Source: blockchain.news
The community behind the decentralized financial stablecoin protocol Frax Finance has agreed to fully guarantee its native stablecoin Frax (FRAX), ending the network’s previous reliance on algorithmic support.
The governance proposal for FIP-188, which was first published on February 15 and would reform the FRAX collateralization model, has now reached a quorum and, according to a snapshot taken on February 23, 98% of voters. They voted in favor of the plan.
As stated in the proposal, “the time has come for Frax to phase out the algorithmic basis of the protocol.”
The first protocol was mentioned as having a “variable collateral ratio” that changed depending on how much demand there was for the stablecoin in the market. The market would determine the amount of collateral that must be posted for one FRAX to be equivalent to one US dollar.
Combining the two models led to the stablecoin being 80 percent backed by crypto asset collateral while also being partially stabilized by algorithms. This was accomplished by minting and burning their governance token, FXS, which has experienced a 12% price increase over the course of the previous twelve hours.
With a market value of just over $1 billion, Frax is the sixth most valuable stablecoin in the business.
As soon as the proposal goes live, the protocol will stop minting new FXS in an effort to reduce the number of available tokens and increase the collateral ratio.
To clarify, the implementation of this proposal does not need to mint any FXS to meet the 100% CR requirement.

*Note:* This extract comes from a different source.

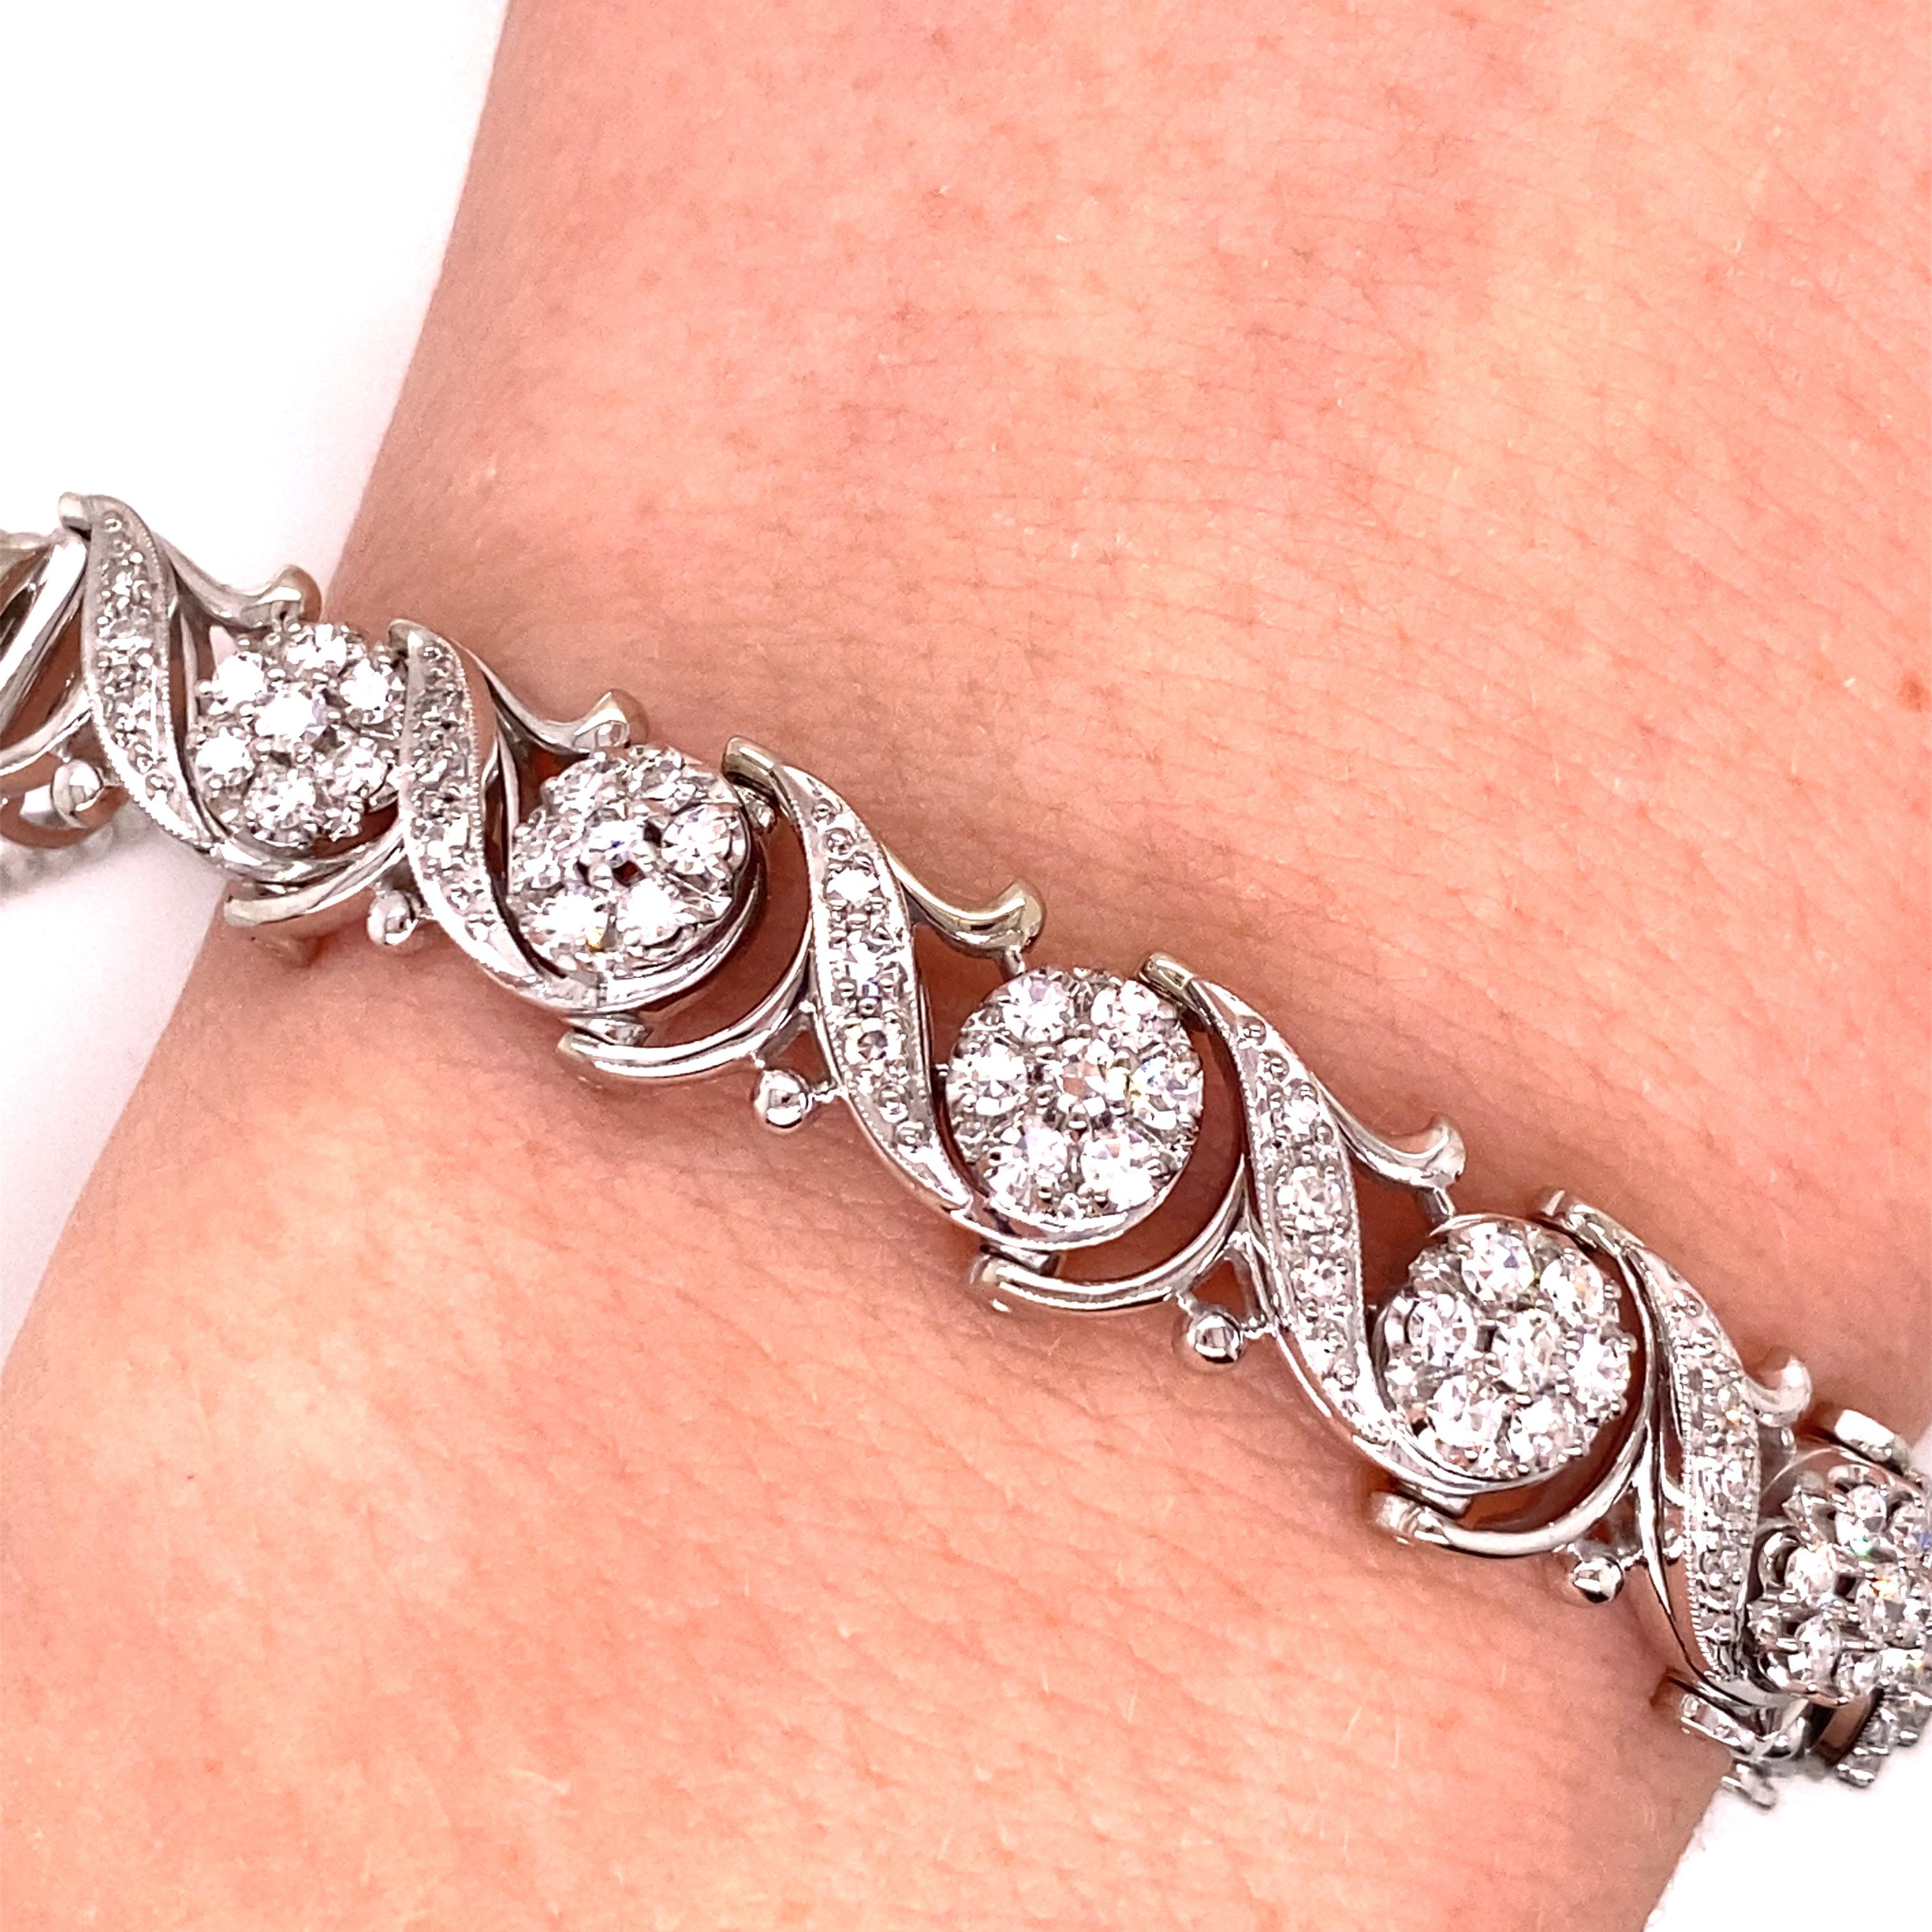 Vintage 1950's Jabel 18K White Gold Add-A-Section Diamond Bracelet 1.76ct - Le bracelet est de marque 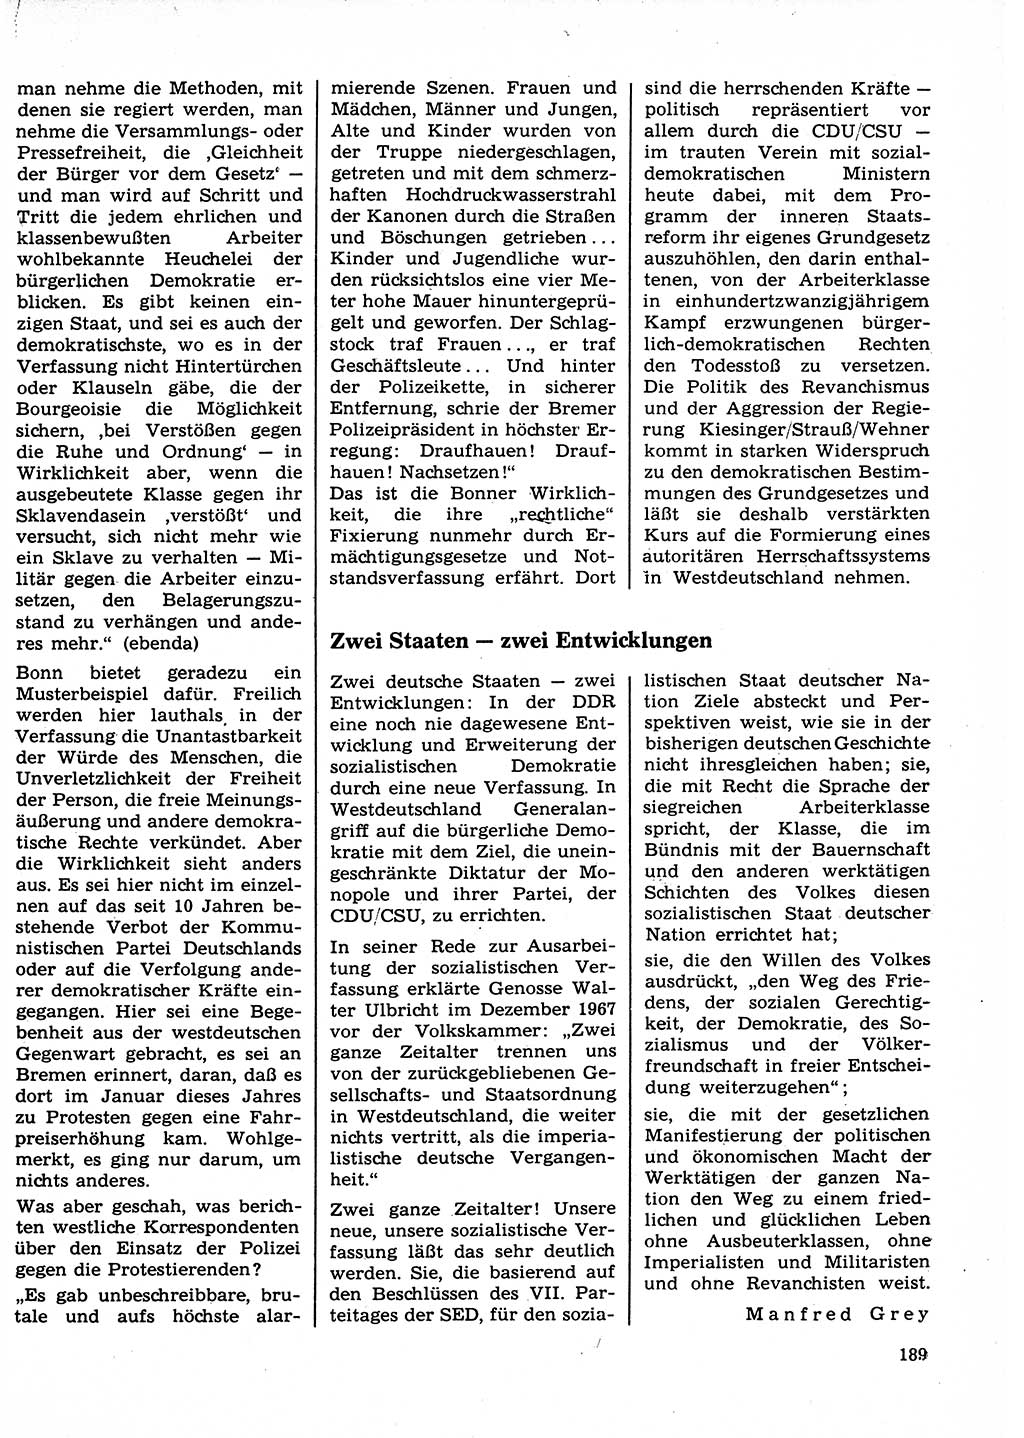 Neuer Weg (NW), Organ des Zentralkomitees (ZK) der SED (Sozialistische Einheitspartei Deutschlands) für Fragen des Parteilebens, 23. Jahrgang [Deutsche Demokratische Republik (DDR)] 1968, Seite 189 (NW ZK SED DDR 1968, S. 189)

It intends to maintain the income generated through the protocol to finance the higher collateral ratio, which will imply suspending the repurchase of FXS.
In addition, it will allow the purchase of up to USD 3 million in Frax Ether (frxETH) each month to increase the collateral ratio. frxETH works in a similar way to a stablecoin, except that it is pegged to Ether (ETH) instead. In the context of the Frax ecosystem, it facilitates the transfer of Ether liquidity.
DeFiLlama recently published a report on the expansion of frxETH over the course of the previous month.
The decision came amid what appears to be a further assault on stablecoins following the disastrous collapse of Terra and Luna that occurred a year ago.
On February 22, Canadian securities administrators published a comprehensive list of additional conditions that cryptocurrency companies and stablecoin issuers must meet if they want to continue to operate legally within Canada’s borders.
Stablecoin trading was subject to a strict set of criteria, and the list in question expressly prohibited non-fiat-backed or algorithmic stablecoins.